# Cutting Trail With Motos



## bcall8 (Mar 26, 2011)

Has anyone ever used a dirt bike to break trail for mountain bike use? I understand that this would not work in some parts of the world, but would this be a good option for putting in trails in the desert? The idea would be to flag the trail line on foot and then have a dirt bike ride the line (slowly) a few times to establish a trail. After the trail has been cut, light raking or sweeping would be done to clean up loose trail debris. Has anybody done this? Any reasons why this is not a good idea?

Thanks


----------



## aero901 (Apr 11, 2012)

That technique would not work where we build trails (silt/clay soils, highly eroded topography, and covered in dense woodland). We have to manually clear the undergrowth and bench cut most of our trail while also paying particular attention to tread outslope and max gradients because of the erodible nature of the soils.

Even in the desert you will need to move soil/rocks and clear brush to make a trail and a dirt bike won't do that in a useful way. Further, a dirt bike is not going to shape the trail surface to allow sheeting of water across the trail and result in an unsustainable trail that will require constant maintenance. I have learned the hard way to take the time to build trails correctly the first time because it takes much more time to fix the problems that arise by taking shortcuts.


----------



## bcall8 (Mar 26, 2011)

Thanks for the input....makes sense.


----------



## tjp (Feb 17, 2004)

On the plus side, I've found that motos are terrific for establishing corners and general trail flow. Nice, flowy, even radii. Still love riding trails established by motos, it's just not practical to establish them that way very often. If it were practical, I'd do it in a second.


----------



## jimPacNW (Feb 26, 2013)

3 wheelers can do a nice job of trail grooming. I used to love riding 3 wheelers, a neighbor kid had a Honda atc70 (I had an xr80). However, in the beginning stages I think you'll be better off doing it by hand the right way the first time.


----------



## ubergeek (Oct 1, 2012)

The downside of dirt bikes, they can really dig in on a trail and rut it out pretty quickly if they trails are ridden hard at all.


----------



## bsieb (Aug 23, 2003)

Why not just ride it in with bicycles? A bicycle trail is a trail left by bicycles, not motos or atvs, the line will be wrong.


----------



## jimPacNW (Feb 26, 2013)

That's what I used to do; cut it open so I can just barely ride it, it takes a bit to break in, and is challenging to ride for quite a while. That can work on low traffic trails with soil that drains well. Only about 3 people were riding there a couple of times a week, in very good draining sandy (with small rocks) soil in Western Washington.


----------



## bsieb (Aug 23, 2003)

^The OP is talking desert terrain so drainage may not be a problem. We have built over a hundred miles of trail this way. Makes it easy for YCC* crews to do corridor and erosion control work because the tread is already in place.

*Youth Conservation Corps


----------



## bcall8 (Mar 26, 2011)

We don't get rain often, but drainage is an issue. Last summer flash floods destroyed a few trails as they became little rivers which washed away all of the dirt and left rocks and ruts. Now, prior to that the trails were there for years with only minor issues to my understanding.

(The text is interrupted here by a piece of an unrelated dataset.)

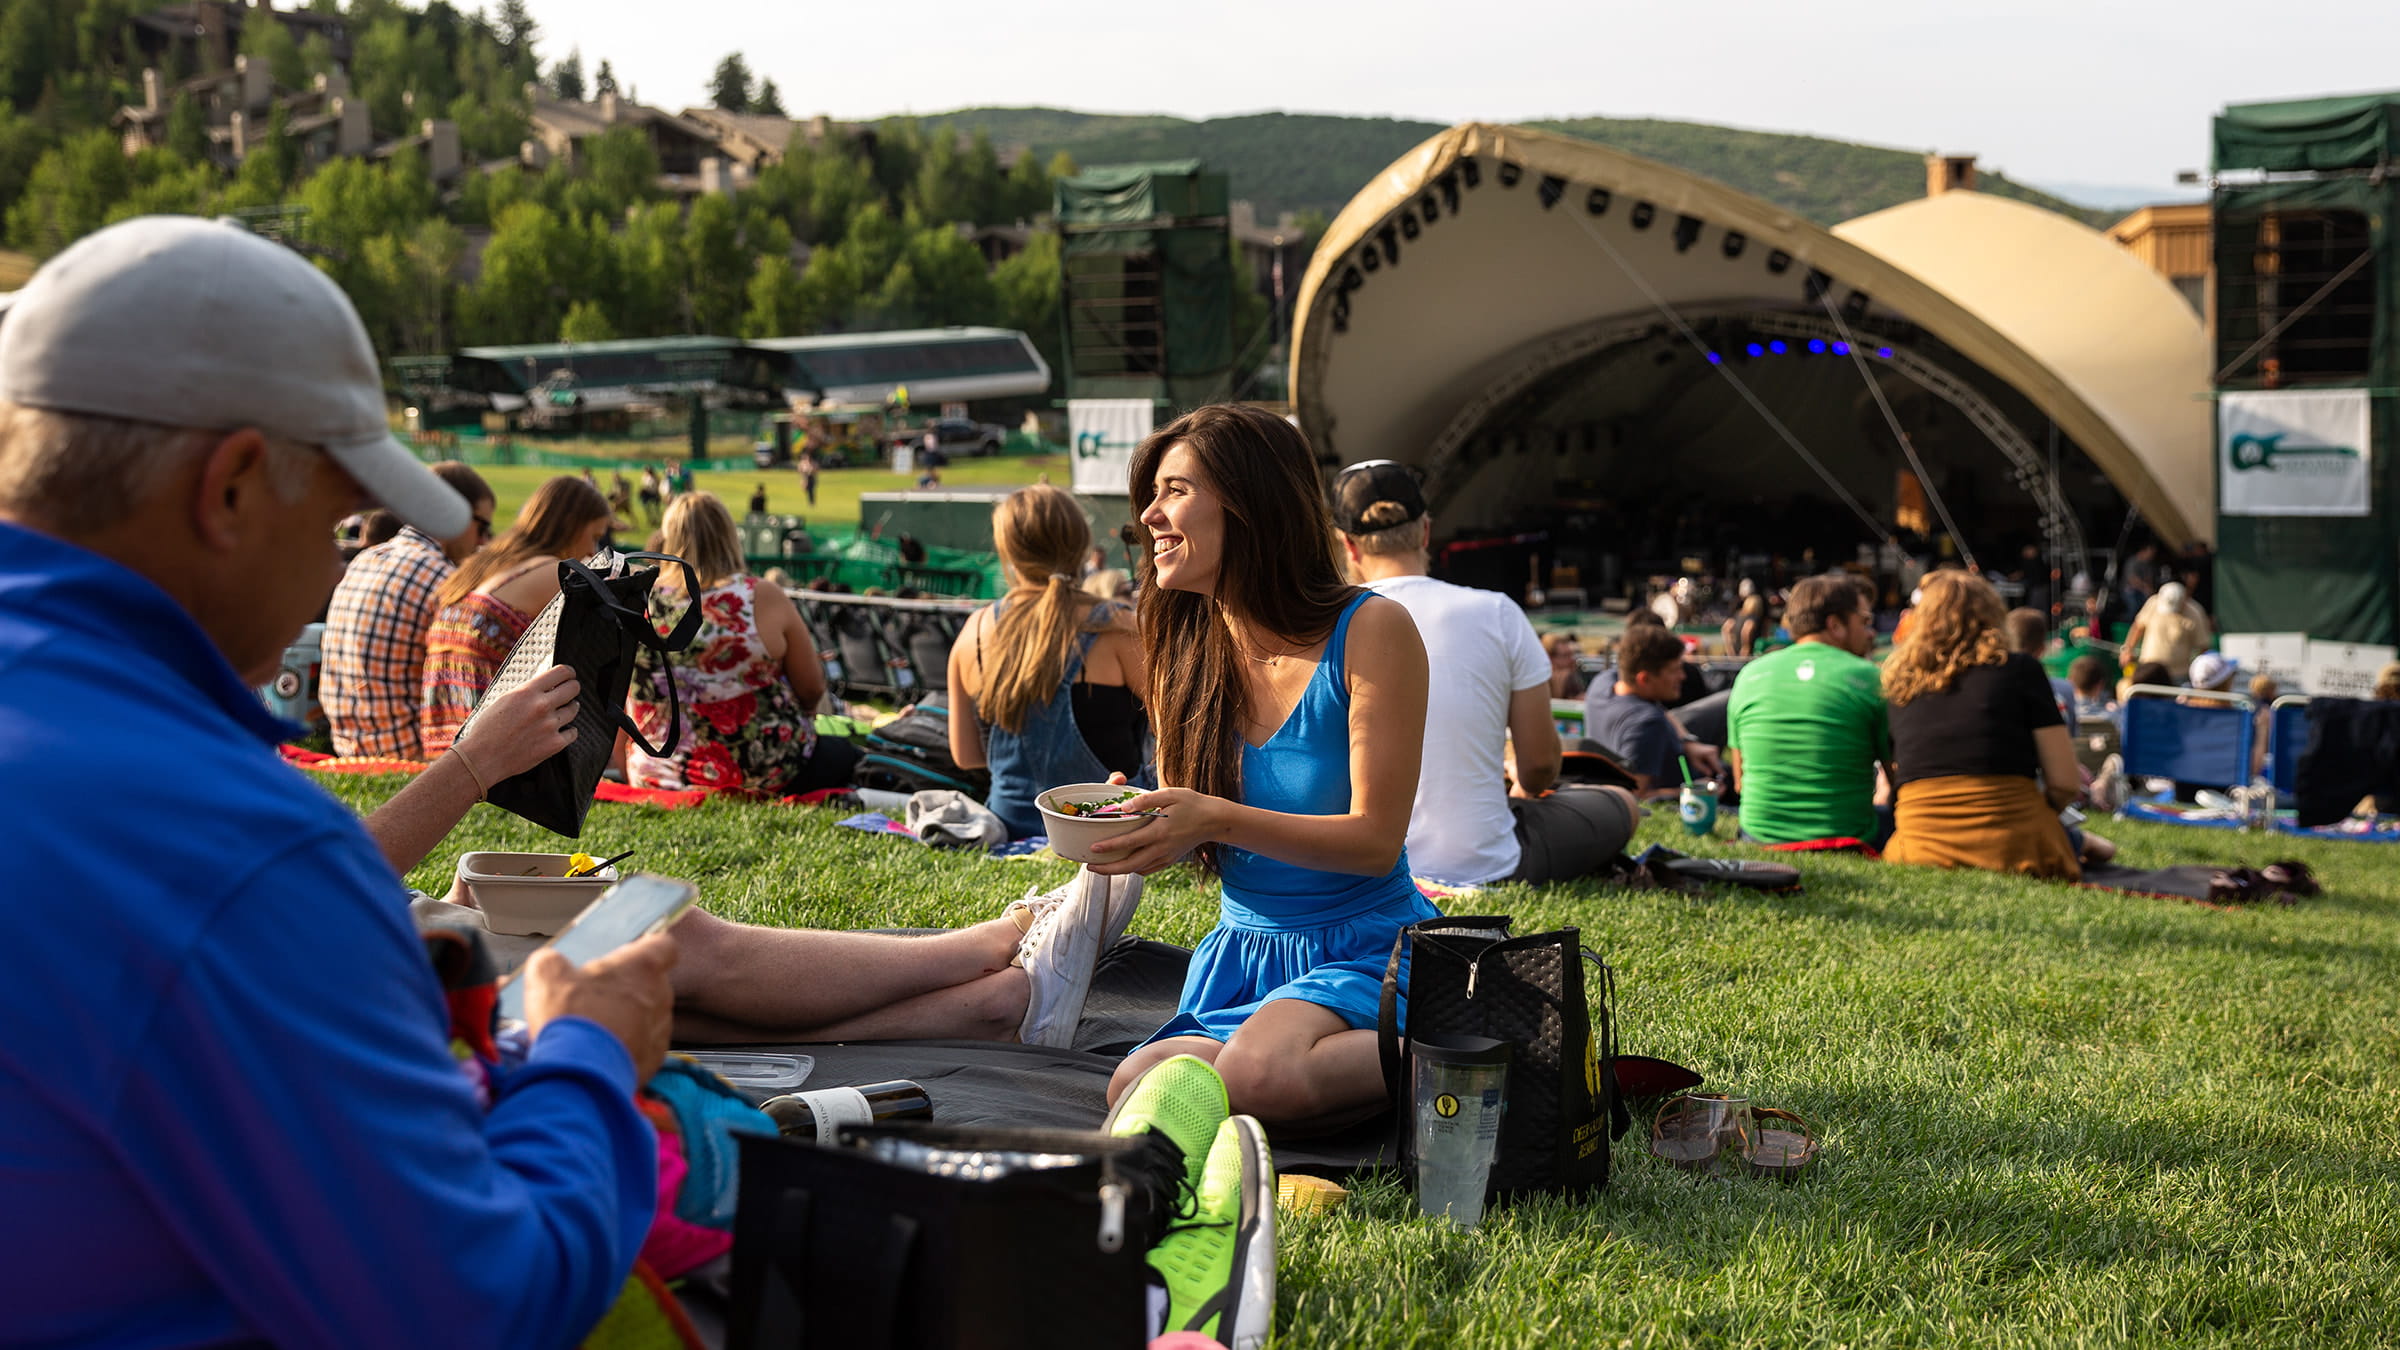 Guests eating dinner while waiting for a summer concert at the Deer Valley Outdoor Amphitheater.
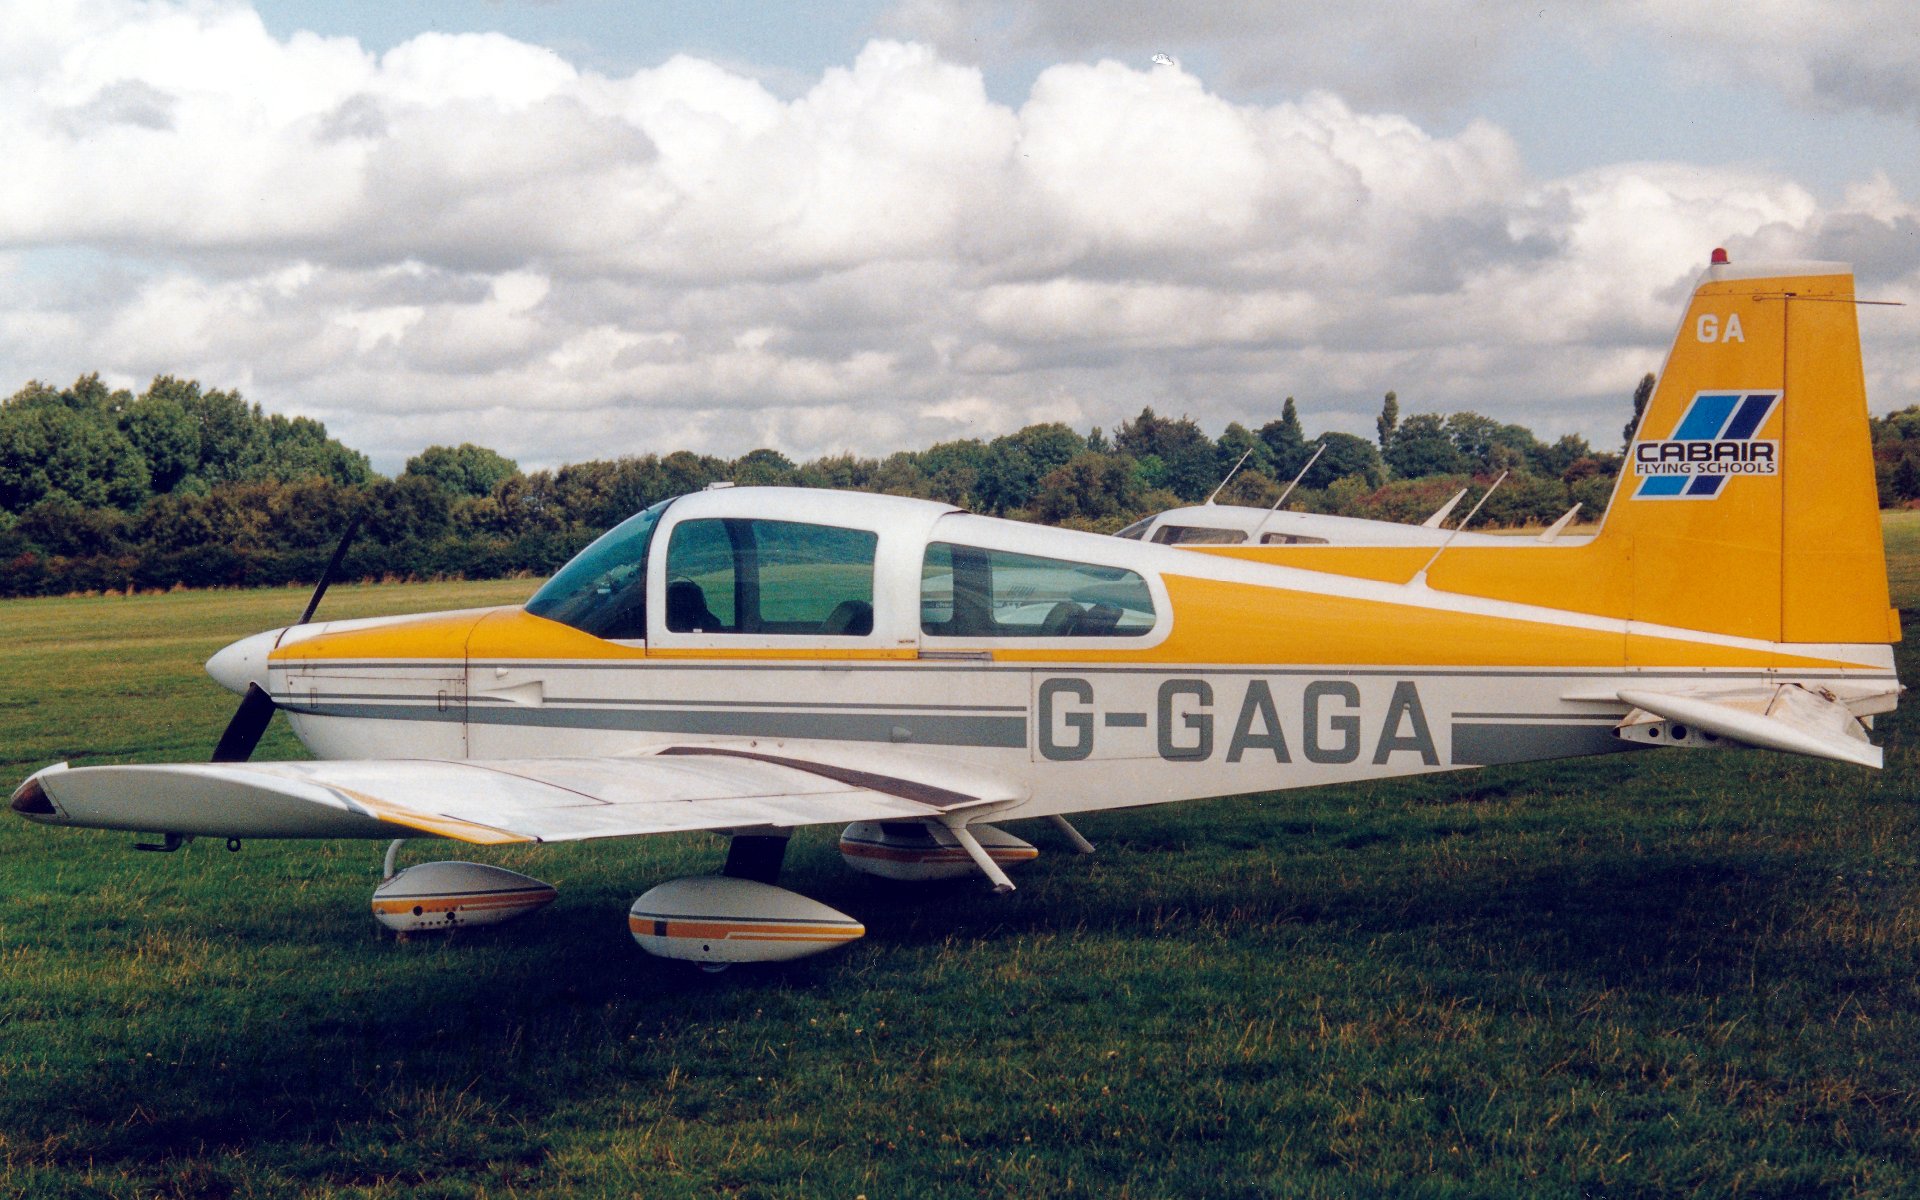 Side view of a single engined light aircraft parked on grass, facing to the left. The plane has a white lower half, with a yellow top, , and a grey stripe in the middle. The registration "G-GAGA" is on the middle of the rear fuselage in grey, while there is a white and blue "Cabair Flying Schools" logo on the tail. There is the top of another light aircraft visible just over the rear fuselage. In the background, grass leads up to a load of bushes at the airfield perimeter, under lots of fluffy white and grey clouds.

The idea of the moto came from a buddy who thought that it would speed up the initial line cutting. We would have to go back over the whole thing and groom and rake afterwards. Since we are in the desert, most trails are pretty soft and don't ride very well when they are new. It usually takes a few rain storms (which don't happen often) and plenty of riding to pack them in and some trails always seem to remain loose. Because of this the idea of the dirt bike came in. I think that it would be better to do it all by hand from the beginning but I liked the idea of a little less digging in 110 degree weather. Maybe a small test section would be appropriate.


----------



## crashtestdummy (Jun 18, 2005)

I have found that the moto's quickly tear up the trails in my desert terrain. There is just too much hp to the rear wheels. We have more of a problem with horses though, they just roto-til the packed sandy trails. 

Try a fat bike, nice wide tire that doesn't sink in.


----------



## ghglenn (Jan 26, 2012)

Some trails in Tucson (i.e.- backside of Starpass) were established with the use of a dirt bike. An old Fat Cat (two-wheeled) ATV would be better suited for riding in trail.


----------



## zrm (Oct 11, 2006)

Well, the business end of a dirt bike does look and act like a trench digger.


----------



## dirkdaddy (Sep 4, 2007)

Depends on who's riding it and the power curve of the bike. You can putt-putt and smooth out a trail I'd imagine. In my area I was thinking a bobcat would be needed the brush is so dense, but that's another story


----------



## HypNoTic (Jan 30, 2007)

We've used a trial motorbike to set the initial corridor in a very loamy sol a few years back. It worked. Then we had to clear all the organic to reach the mineral soil. Turn out we didn't save much time, burnt some fuel and had a lot of fun riding the moto down pretty steep stuff (it was for a DH trail). 

Now that we use a mini-X, we can do all these steps at once in 1/50 of the time it took us.


----------



## dirkdaddy (Sep 4, 2007)

Jerome, what's a Mini-x? like a small bulldozer or a bobcat?


----------



## Fattirewilly (Dec 10, 2001)

dirkdaddy said:


> Jerome, what's a Mini-x? like a small bulldozer or a bobcat?


Here's an example 
324 - Bobcat Company


----------



## jimPacNW (Feb 26, 2013)

Mini-Excavator, various sizes, I don't know how small one has to be to be a mini. My brother has a dirt work company, and just got another mini because they are so handy, he has a purple one that is known as Barney. My kids (5 and 9) get to play on the minis sometimes, all mini's are Barney to them, the mini's really fun to play around with. I've never used one to build a trail, I did use a Case 450 bulldozer for one section once, -that went pretty quick!, I can imagine the mini-ex would be ideal for trail building, they're pretty easy on fuel too. I've used larger ones for taking down trees, and building burnpiles when that was still legal. Using a decent sized excavator to keep a burnpile of stumps and branches going is really fun, I kind of miss stacking burning stumps.


----------